3Q24 results miss our expectations
Baoshan Iron & Steel announced its 3Q24 results: Revenue fell 6.5% YoY to Rmb79.61bn and net profit attributable to shareholders fell 64.8% YoY to Rmb1.34bn, missing our expectations due to a sharp decline in steel prices in 3Q24.
Steel sales volume stable; upgrading of product mix continues: In 3Q24, sales volume of steel products fell 3% YoY to 12.99mnt, flat QoQ, and sales volume of "1+1+N" products was 7.46mnt, accounting for 57% of total sales volume (up 6ppt YoY). Falling steel prices weigh on earnings of the steel business: In 3Q24, the decline in ferrous metal prices accelerated, and the price spread between purchases and sales of steel products narrowed significantly, with industry earnings at the bottom. The firm's steel price per tonne fell 8% QoQ to Rmb4,587 (price of steel plates and pipes fell 6% QoQ and 2% QoQ to Rmb4,277 and Rmb6,995), and its gross profit per tonne fell 36% QoQ in 3Q24 to Rmb242.

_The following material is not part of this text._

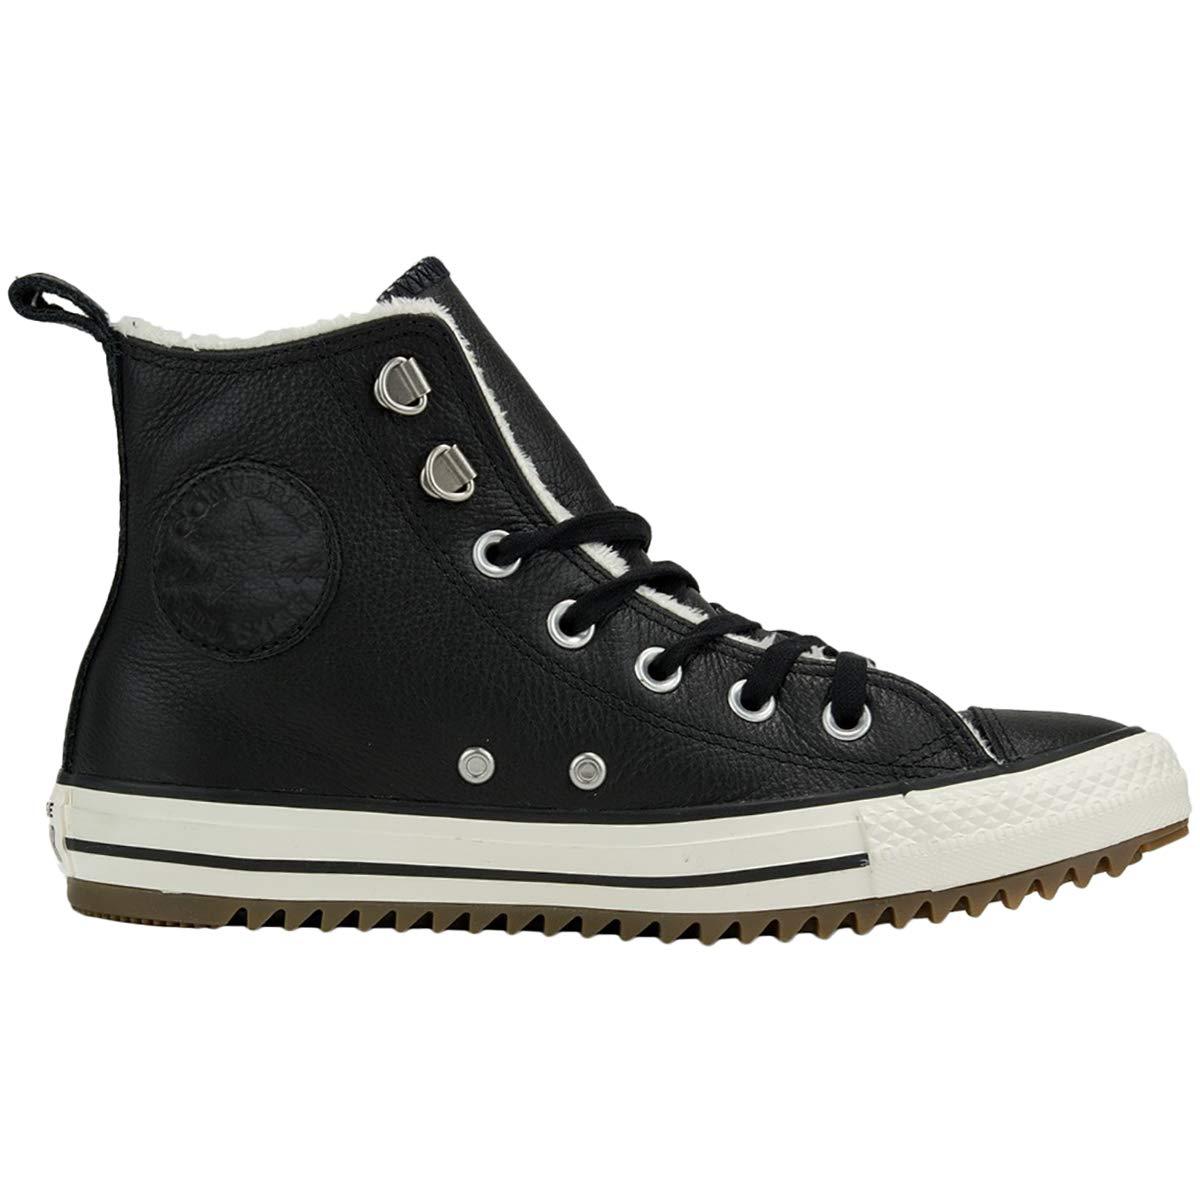 7f9021 chuck taylor all star hiker boot

Production cost stable; expense per tonne rose slightly: The firm strengthened cost reduction, and its cost per tonne of steel fell 6% QoQ to Rmb4,497. Expense per tonne of steel rose 8% QoQ to Rmb132 due to lower interest income. Cash collection from operations continued to improve, underscoring high-quality cash flow: In 3Q24, the firm's operating cash flow rose 13% YoY and 41% QoQ to Rmb9.9bn, and its free cash flow grew 36% YoY and 135% QoQ to Rmb5.7bn. Other income rose sharply: In 3Q24, the firm's other income reached Rmb1.02bn (vs. Rmb120mn a year earlier).
Trends to watch
Enhancing internal capabilities amid the industry bottom; upbeat on earnings growth of core assets in the medium term. 1) Continuing to optimize and upgrade product mix; continued sales ramp-up of high- end products to contribute incremental earnings: The firm continues to promote its product differentiation strategy to enhance brand value. In 1- 3Q24, sales volume of the firm’s "1+1+N" products rose 11% YoY to 22.55mnt, with sales volume of oriented silicon steel up 27.5% YoY. In September, new production lines for ultra-high-strength steel and aluminum-silicon coatings at the Zhanjiang base were put into operation, and major breakthroughs were made in trial production of ultra-high carbon tool steel at the Meishan base. We expect the ramp-up of high-end products to contribute incremental earnings for the firm. 2) Strengthening cost control to improve cost competitiveness: The firm stepped up efforts to control costs of economical furnace charge and logistics and transportation. In 3Q24, the firm reduced costs by Rmb2.88bn, exceeding the annual target. As the firm continues to reduce costs, we expect its profitability per tonne of products to improve further.
No need to be overly pessimistic about cyclical bottom; upbeat on earnings and valuation recovery in 4Q24. In 3Q24, the steel sector faced headwinds from weak demand and accelerated destocking. Prices of ferrous metals plunged, and the price spread between purchases and sales of plate products shrank sharply. The sector's earnings and expectations were at a trough. Since the start of 4Q24, the futures and spot prices of various steel products have risen sharply, boosting market confidence. Steelmakers' earnings have significantly recovered. We expect market expectations to continue improving with the implementation of pro-growth policies, driving a rebound in steel prices, and the firm may see recovery in both earnings and valuation.
Financials and valuation
Due to the sharper-than-expected decline in steel prices in 3Q24, we lower our 2024 and 2025 net profit forecasts by 16.4% and 14.9% to Rmb8.97bn and Rmb11.53bn. The stock is trading at 17x 2024e and 13x 2025e P/E. As the firm has shown strong operational resilience at the cyclical bottom as an asset with high-quality cash flow, we maintain an OUTPERFORM rating and TP of Rmb9.05, implying 22x 2024e and 17x 2025e P/E with 34% upside.
Risks
Real estate downturn; accelerating global economic downturn.